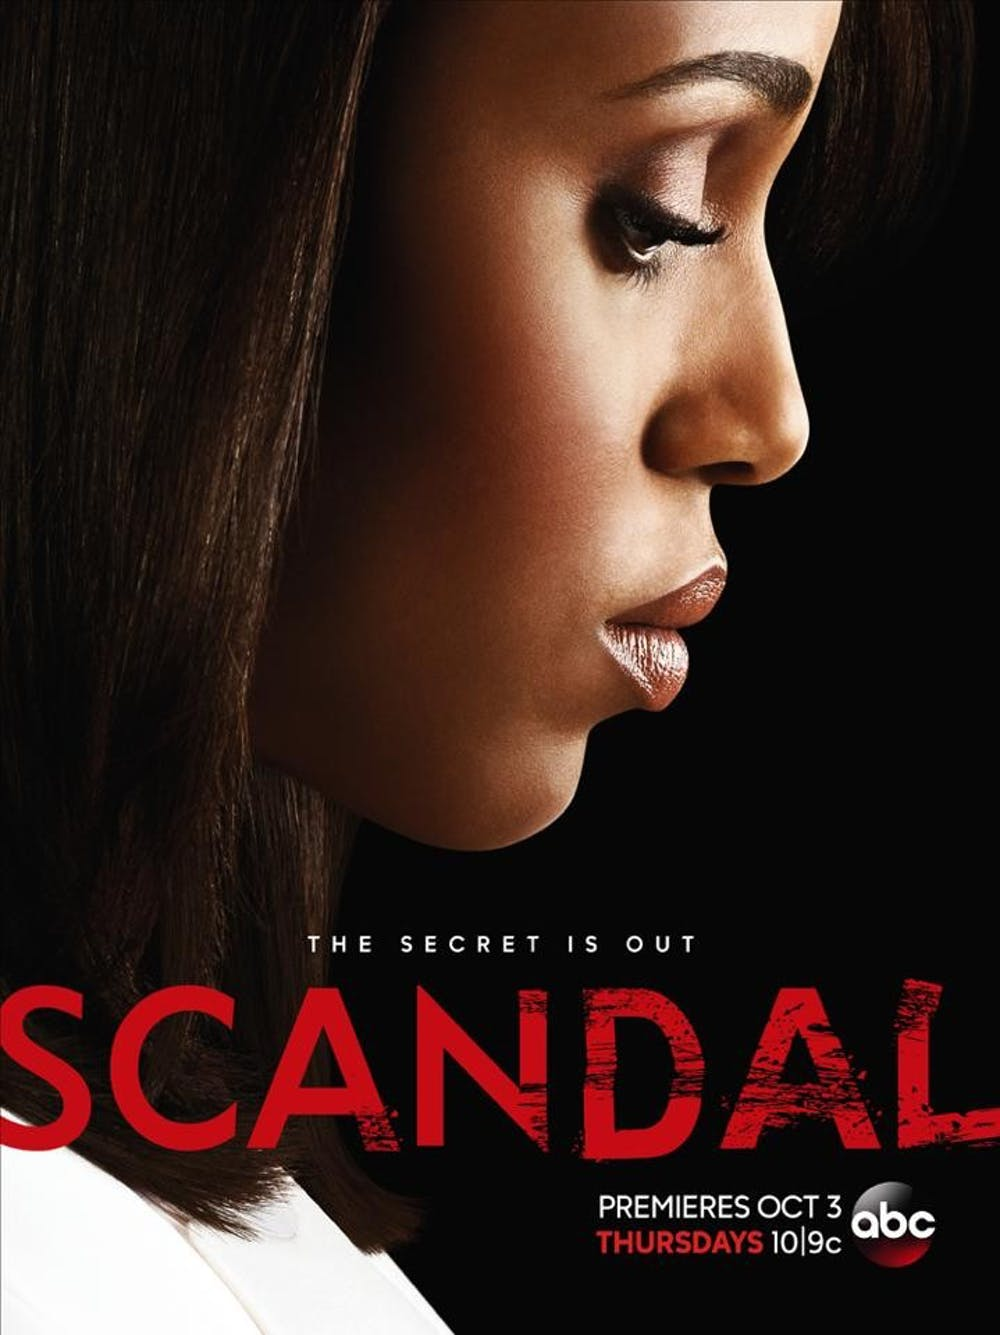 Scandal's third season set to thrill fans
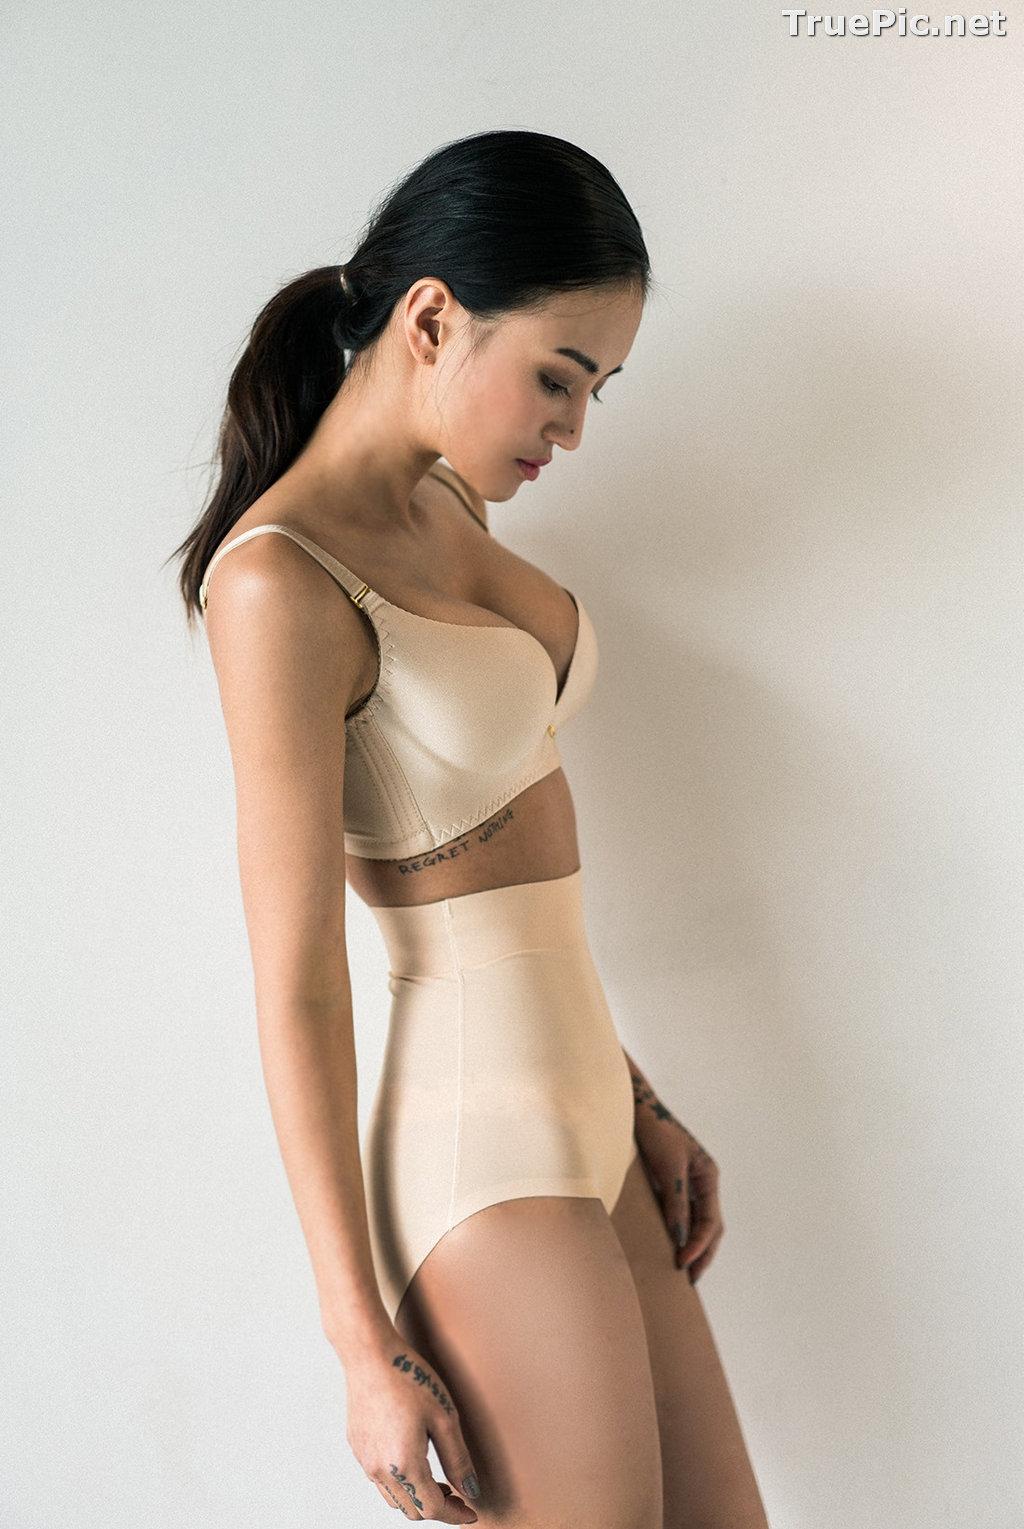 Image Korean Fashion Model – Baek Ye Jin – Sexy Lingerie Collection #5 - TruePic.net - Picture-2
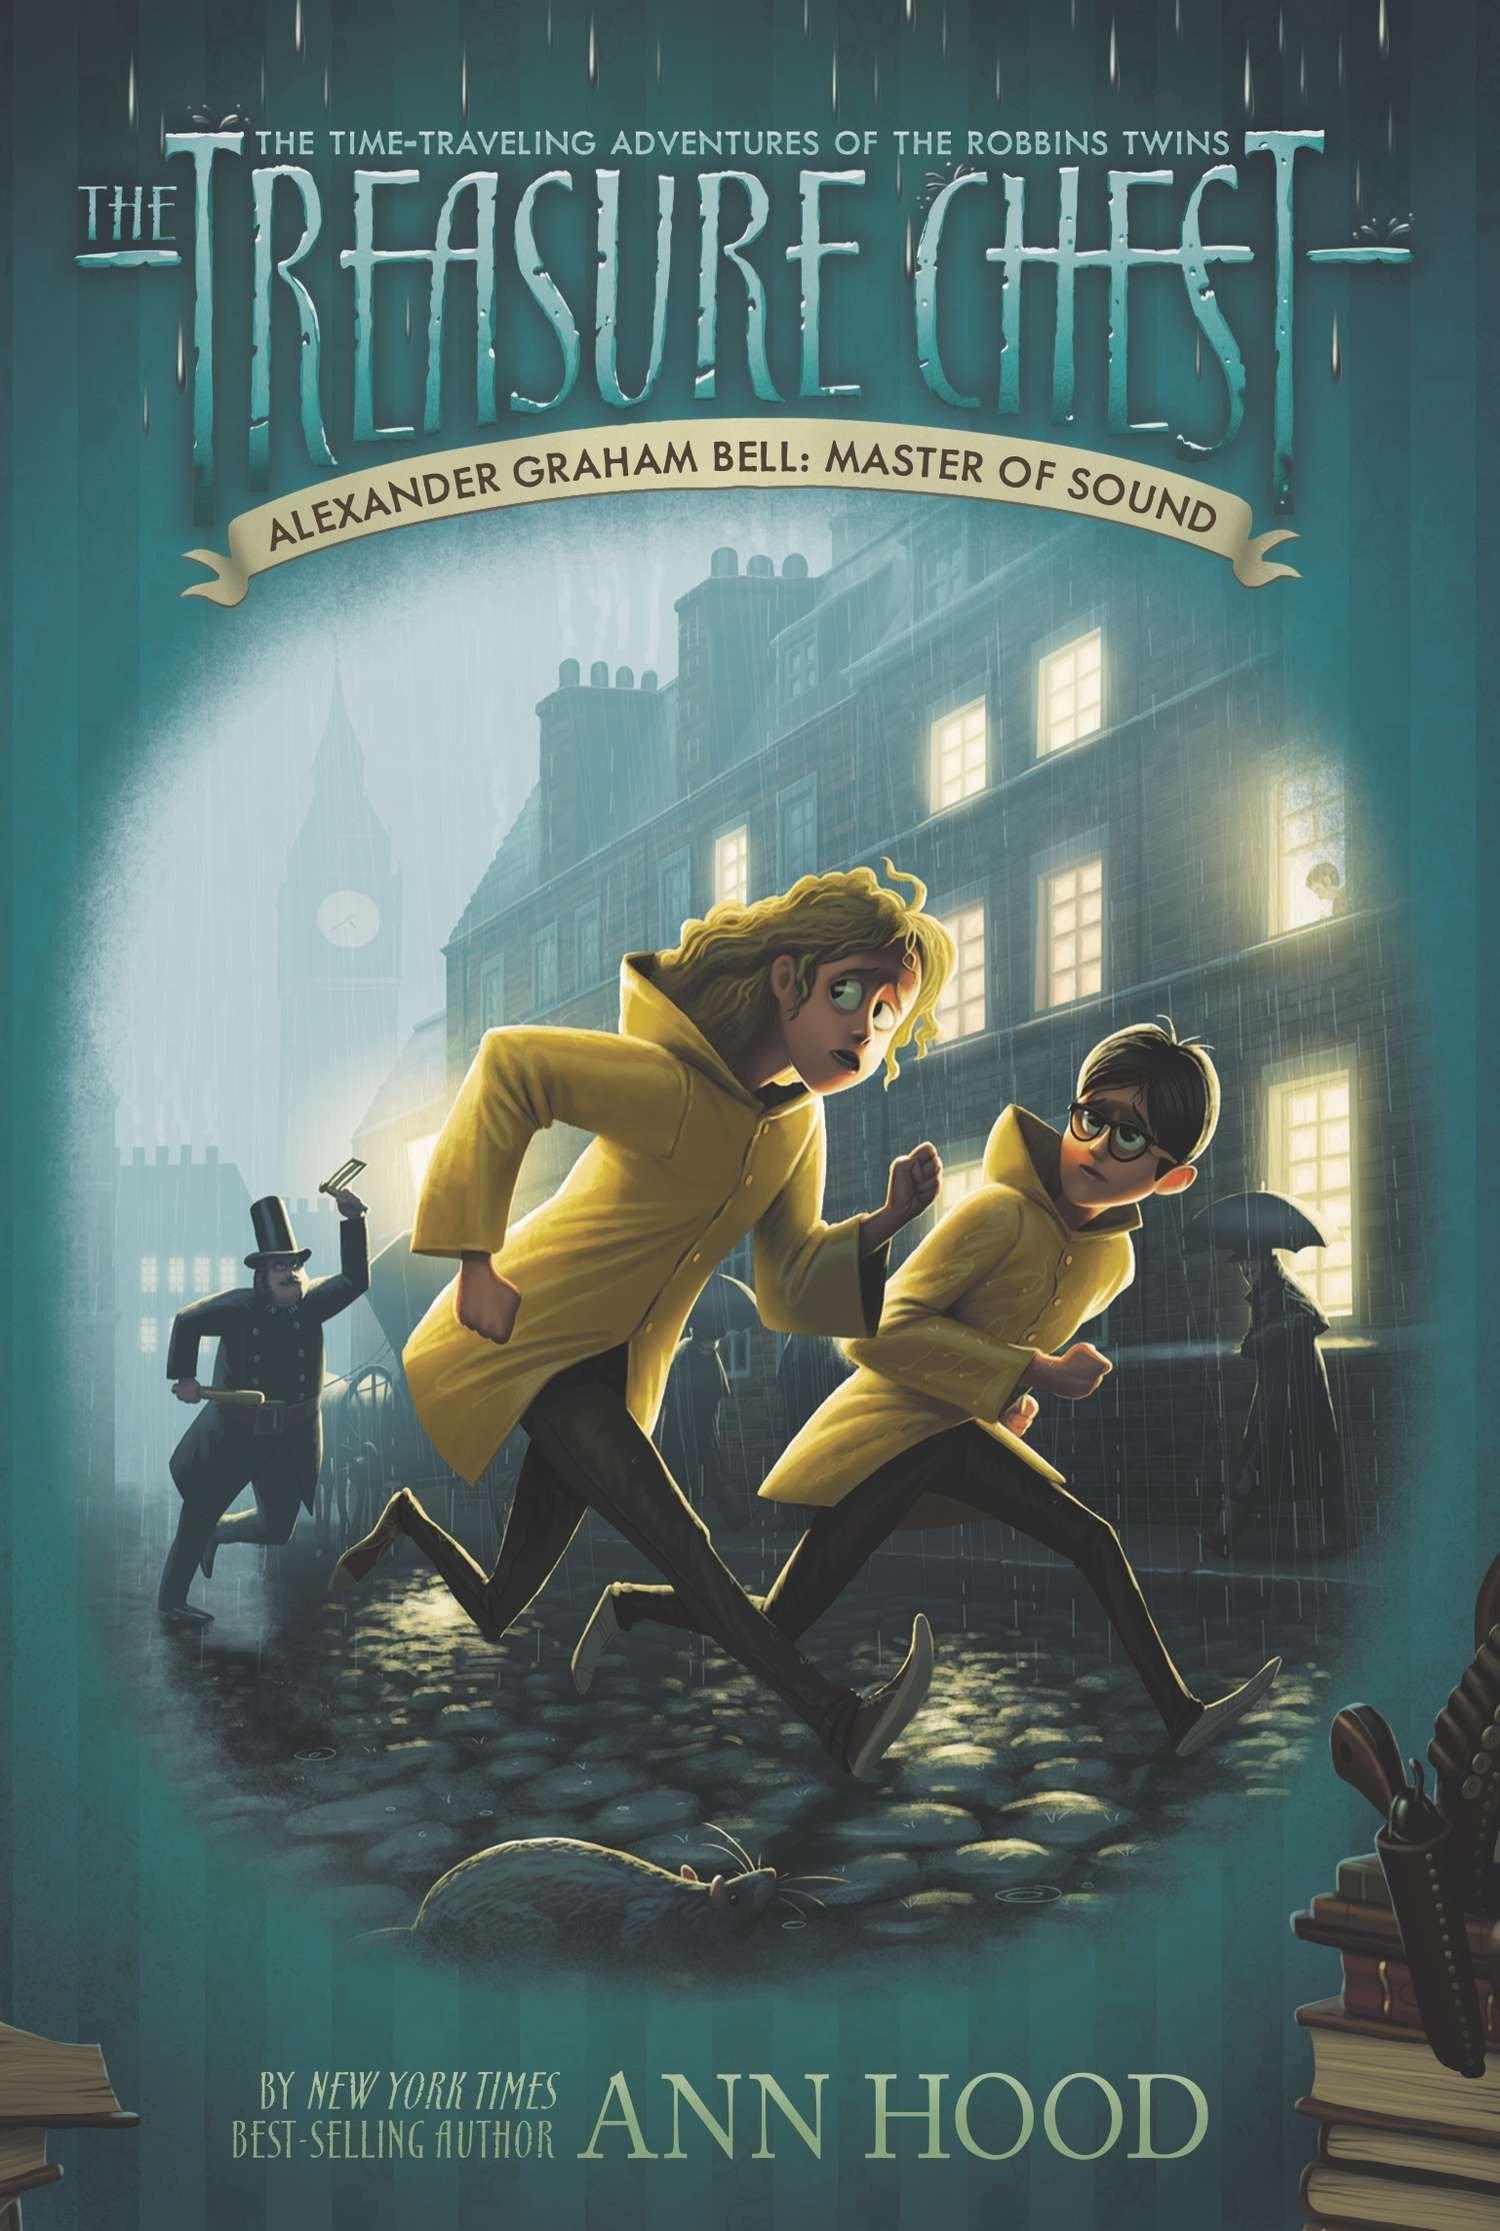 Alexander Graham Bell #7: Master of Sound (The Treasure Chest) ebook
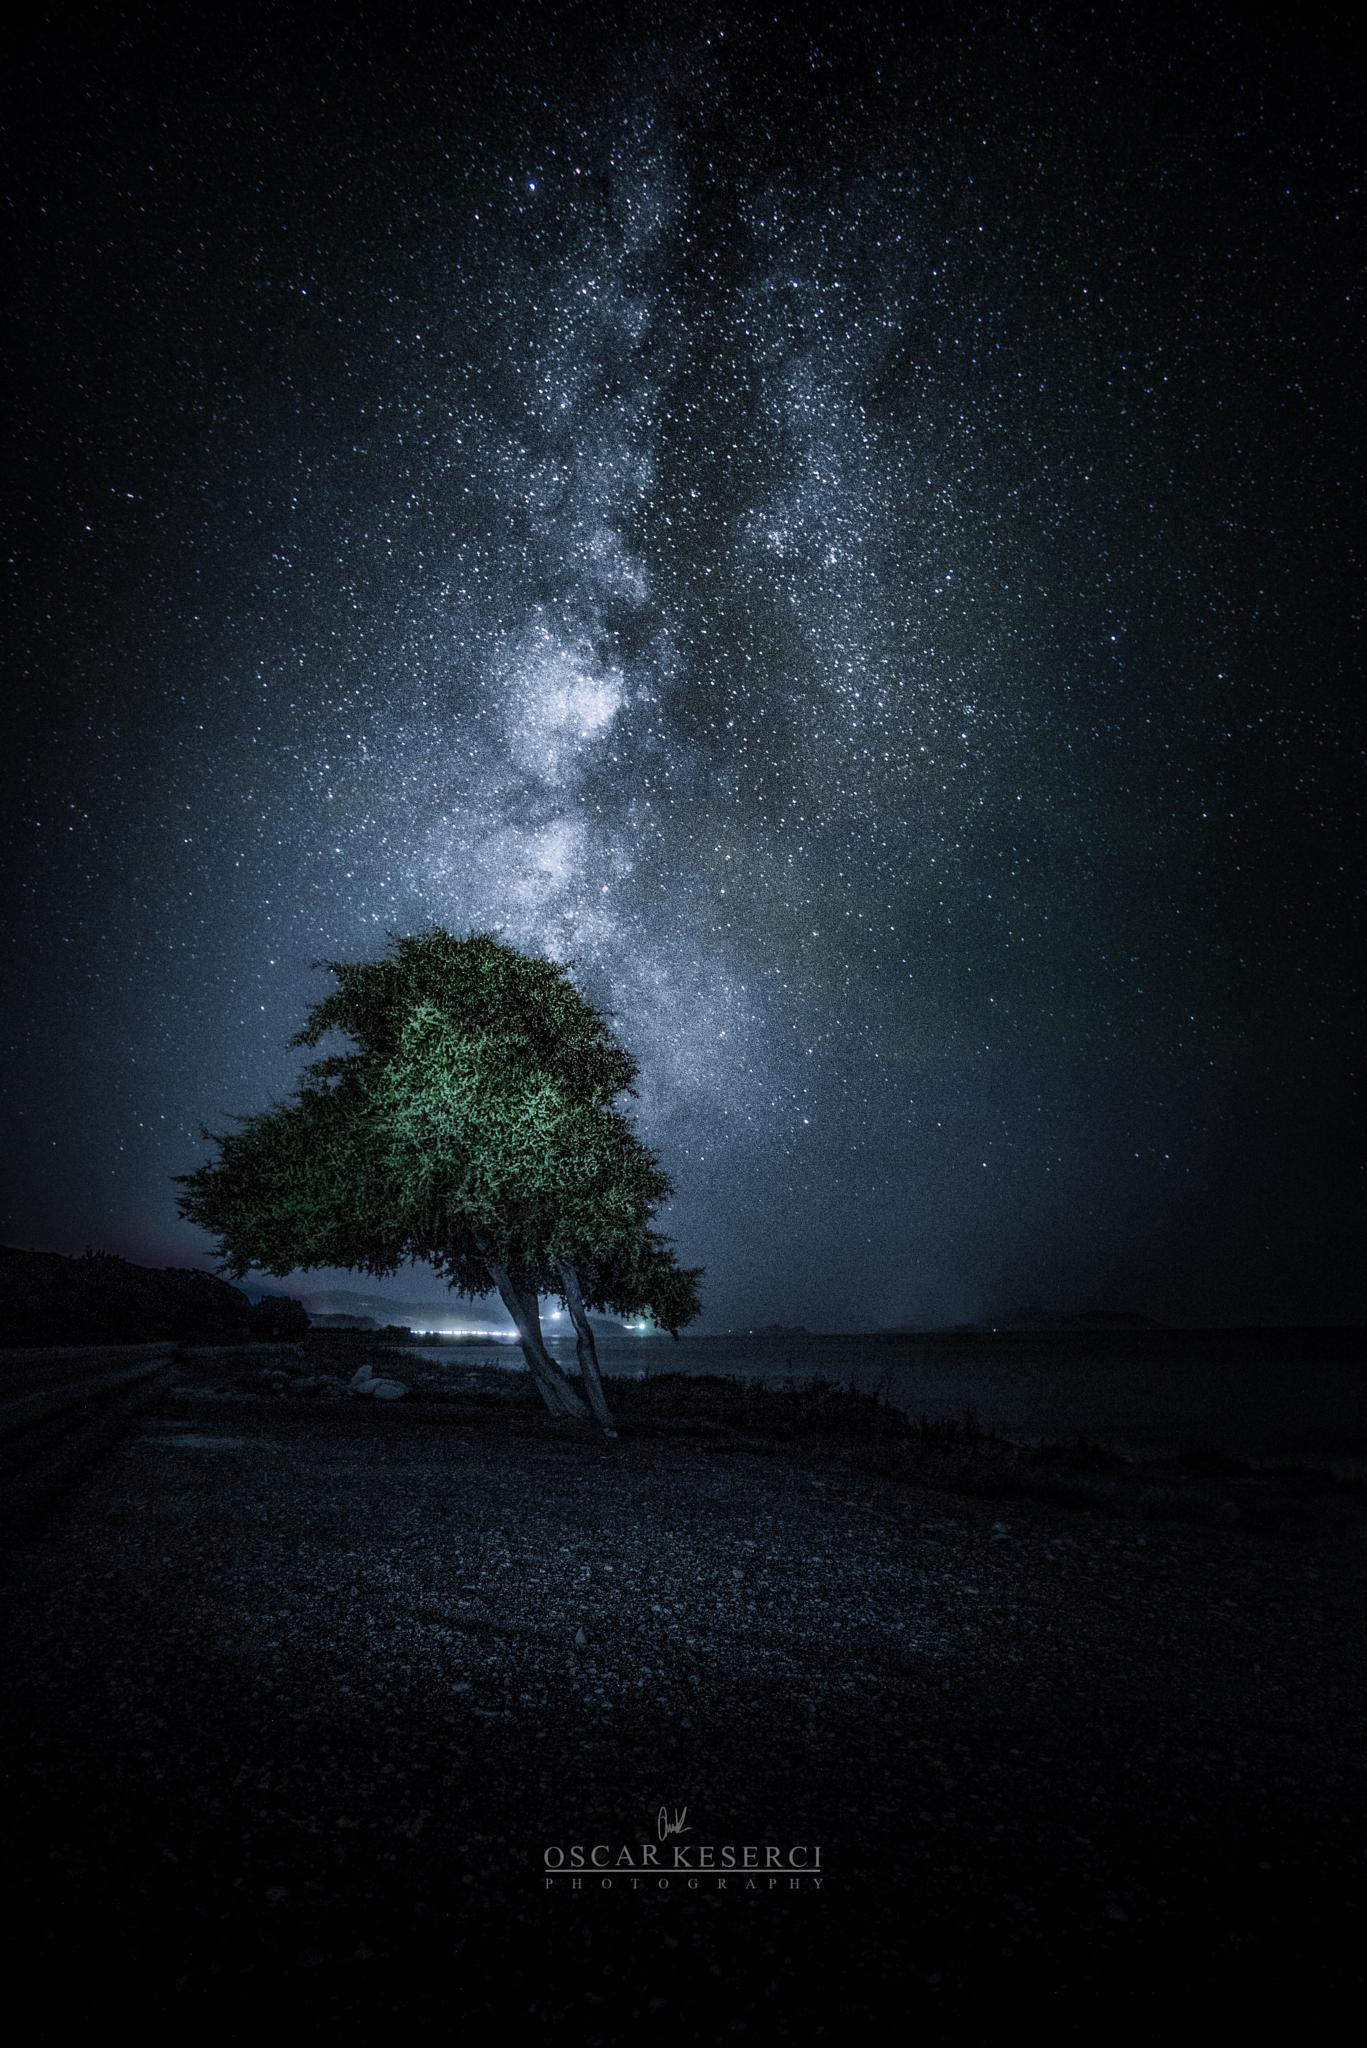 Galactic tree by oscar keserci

════════════════

What is being asked: Where the data includes pictures, leave them out and write out everything else exactly.

Expected output:
 Scandal's third season set to thrill fans
 Image Korean Fashion Model – Baek Ye Jin – Sexy Lingerie Collection #5 - TruePic.net - Picture-2
 Alexander Graham Bell #7: Master of Sound (The Treasure Chest) ebook
 Galactic tree by oscar keserci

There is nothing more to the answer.